Die Bundesarbeitsgemeinschaft für Senioren-Organisationen (BAGSO) fordert ein realistisches Altersbild in der Gesellschaft ein. Wo sehen Sie es denn verzerrt?
Wenn manche so tun, als ob man mit 80 noch wie mit 50 sein kann, oder andere, als ob alles Sterben in einem Martyrium endet. Älter werden und alt sein ist sehr viel normaler: Das Leben ist, was die körperlichen Fähigkeiten angeht, meist eine ballistische Kurve. Die meisten Menschen sterben, weil ihre Lebenskräfte zu Ende gehen, nicht wegen gesundheitlicher Katastrophen. Sterben ist ein Teil des Lebens.

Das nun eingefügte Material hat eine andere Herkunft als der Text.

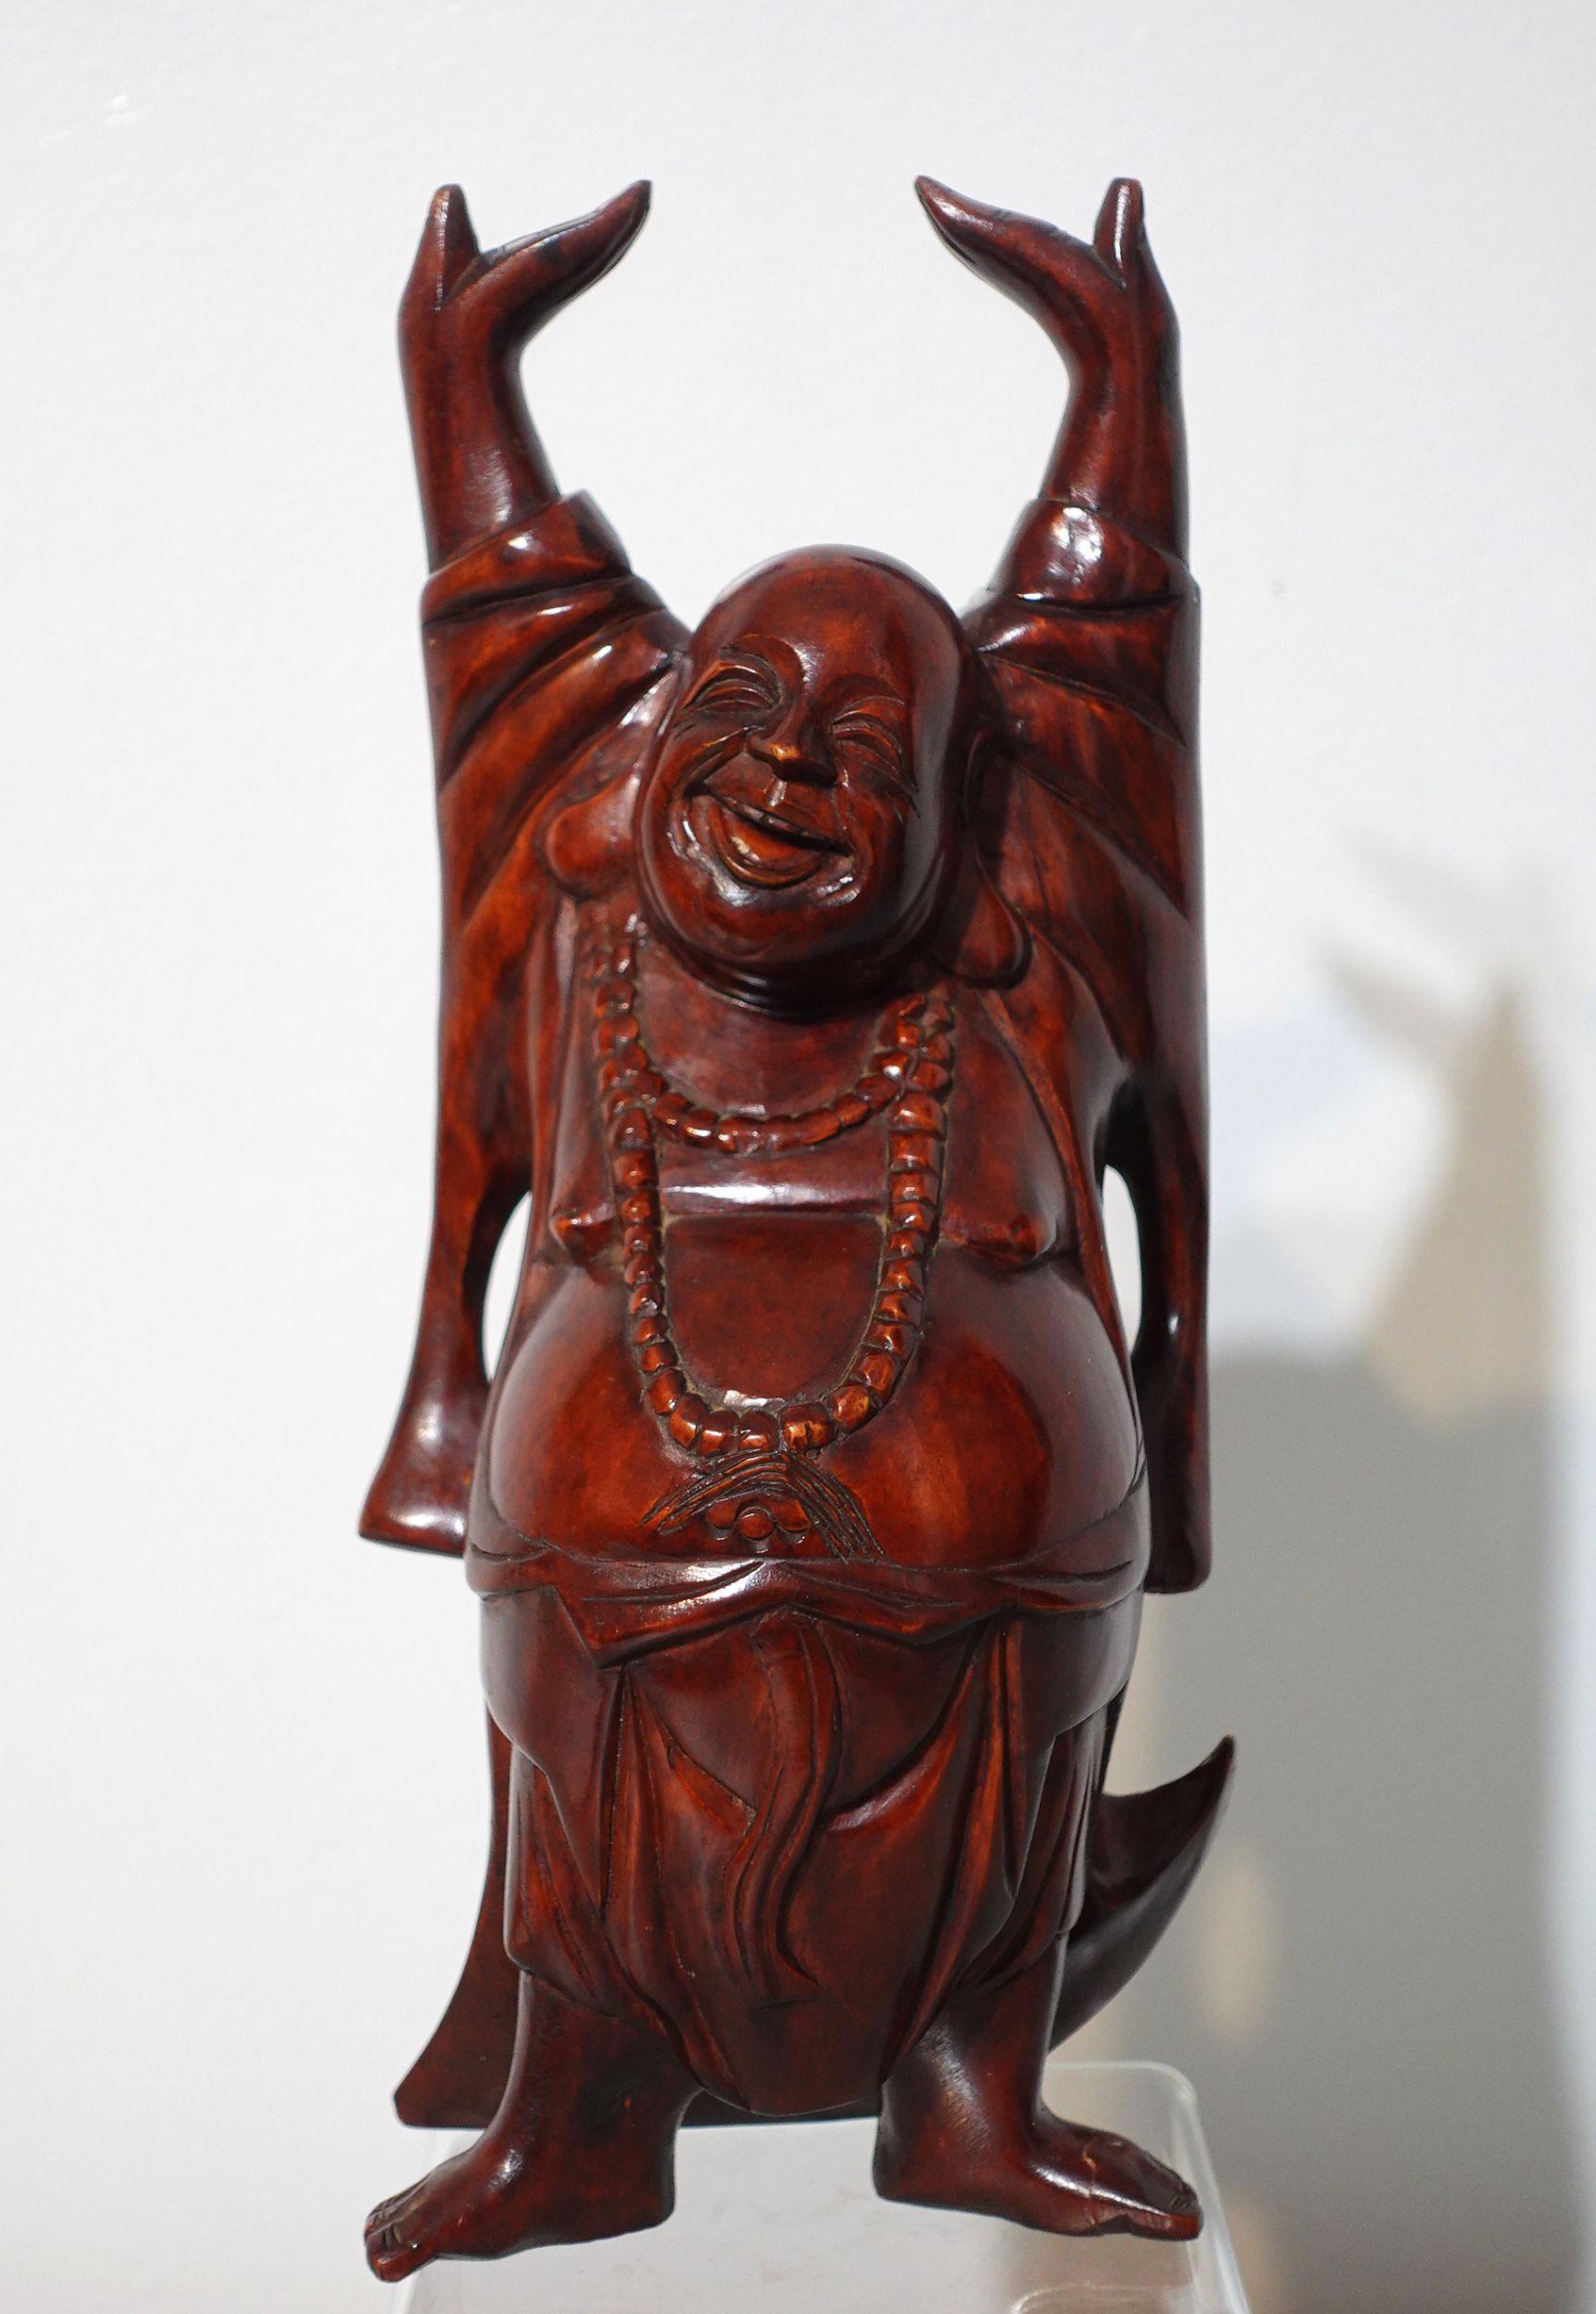 Un Bouddha heureux en bois sculpté, très heureux.

Auch fordert die BAGSO, die gesellschaftliche Teilhabe älterer Menschen zu fördern. Ist es nicht so, dass viele Älteren vor allem mit sich selbst zu tun haben?
Teilhabe und Teilnahme heißt, dass man als älterer Mensch nirgendwo im gesellschaftlichen Leben ausgeschlossen ist, weil man älter ist. Selbstverständlich hängt beides davon ab, ob der einzelne Mensch das möchte und es noch kann. Bei dem Können geht es oft um simple Dinge wie Stolperkanten in Wohnungen und an Ampeln, gute Ein- und Ausstiege beim ÖPNV. Mobilität ist ganz wichtig für die Lebensqualität im Alter.

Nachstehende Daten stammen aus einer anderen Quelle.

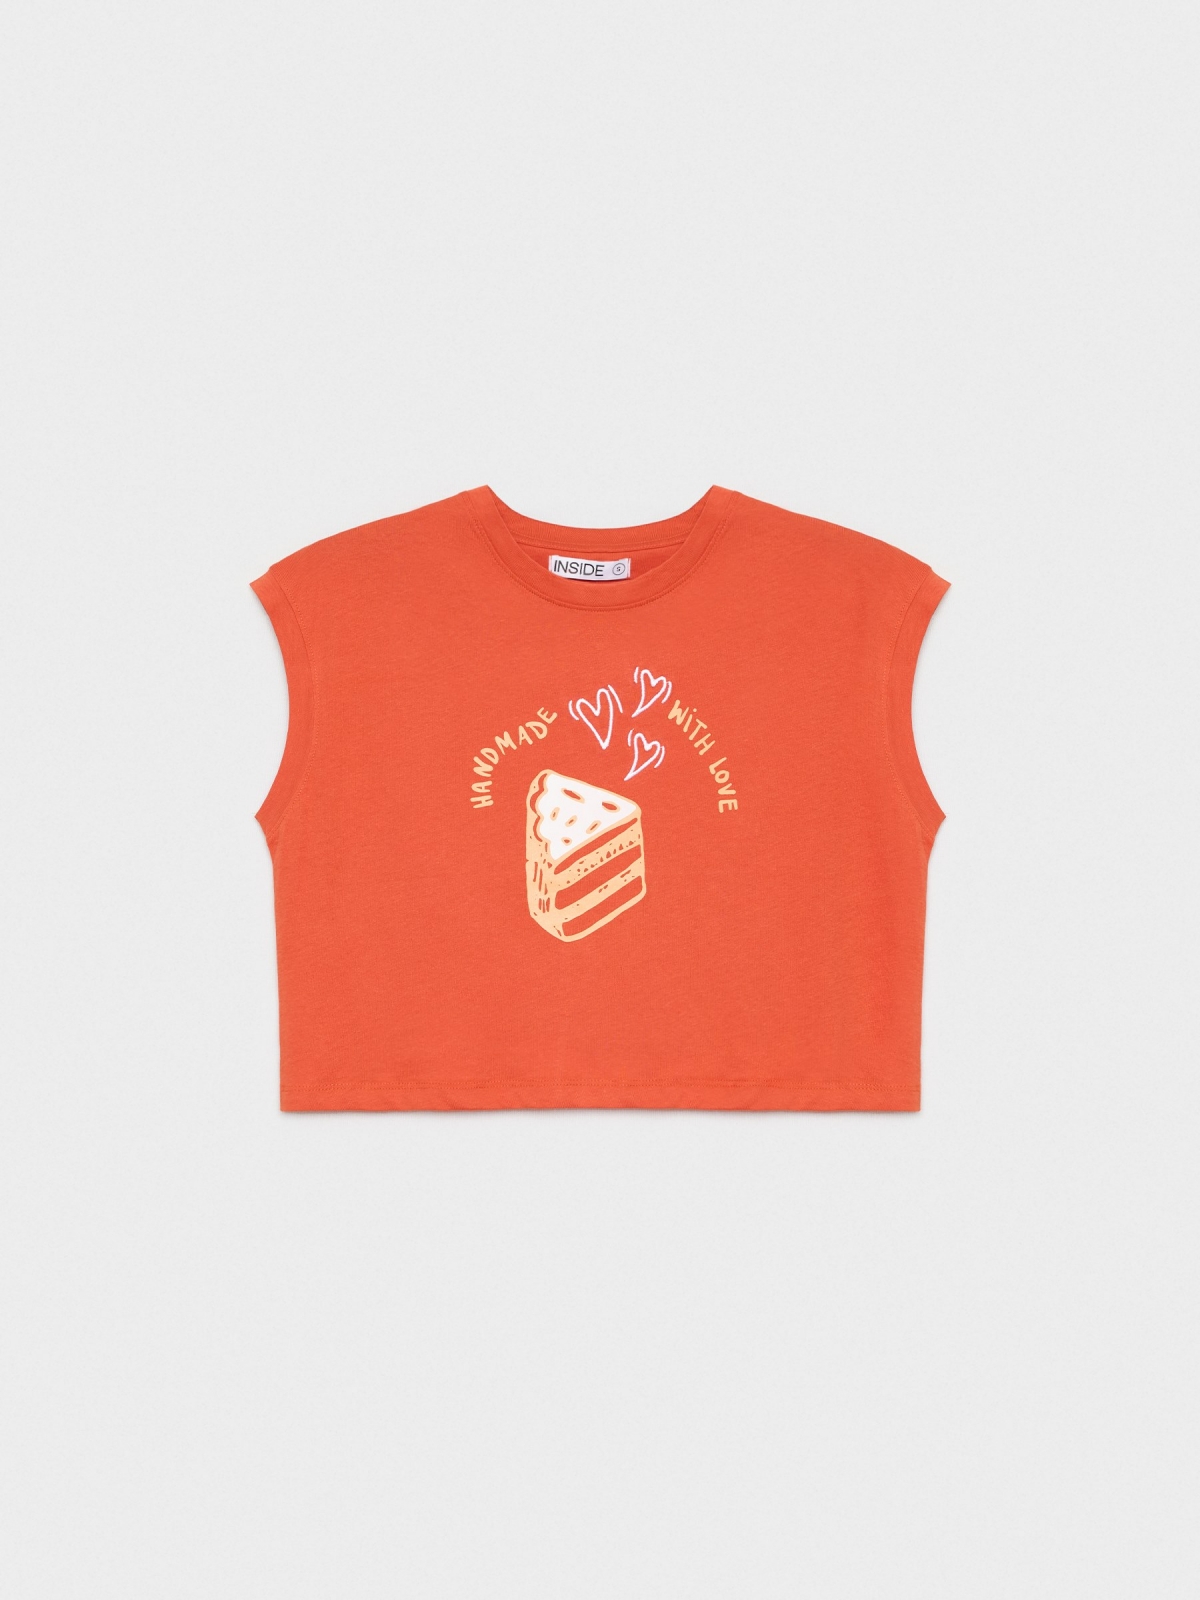  Camiseta naranja gráfico teja

Sind für die Pflege der Zukunft die Weichen gestellt?
Da ist dringender Handlungsbedarf: bei der Ausbildung und Bezahlung der Pflegekräfte. Bei der Gewinnung von Nachwuchs. Bei der Entlastung in den Heimen durch höheren Besatz an Pflegekräften und durch Entbürokratisierung. Auch bei der Stützung der Pflege in den Familien durch eine Pflegezeit, wenn Angehörige dafür ihre Arbeitszeit reduzieren.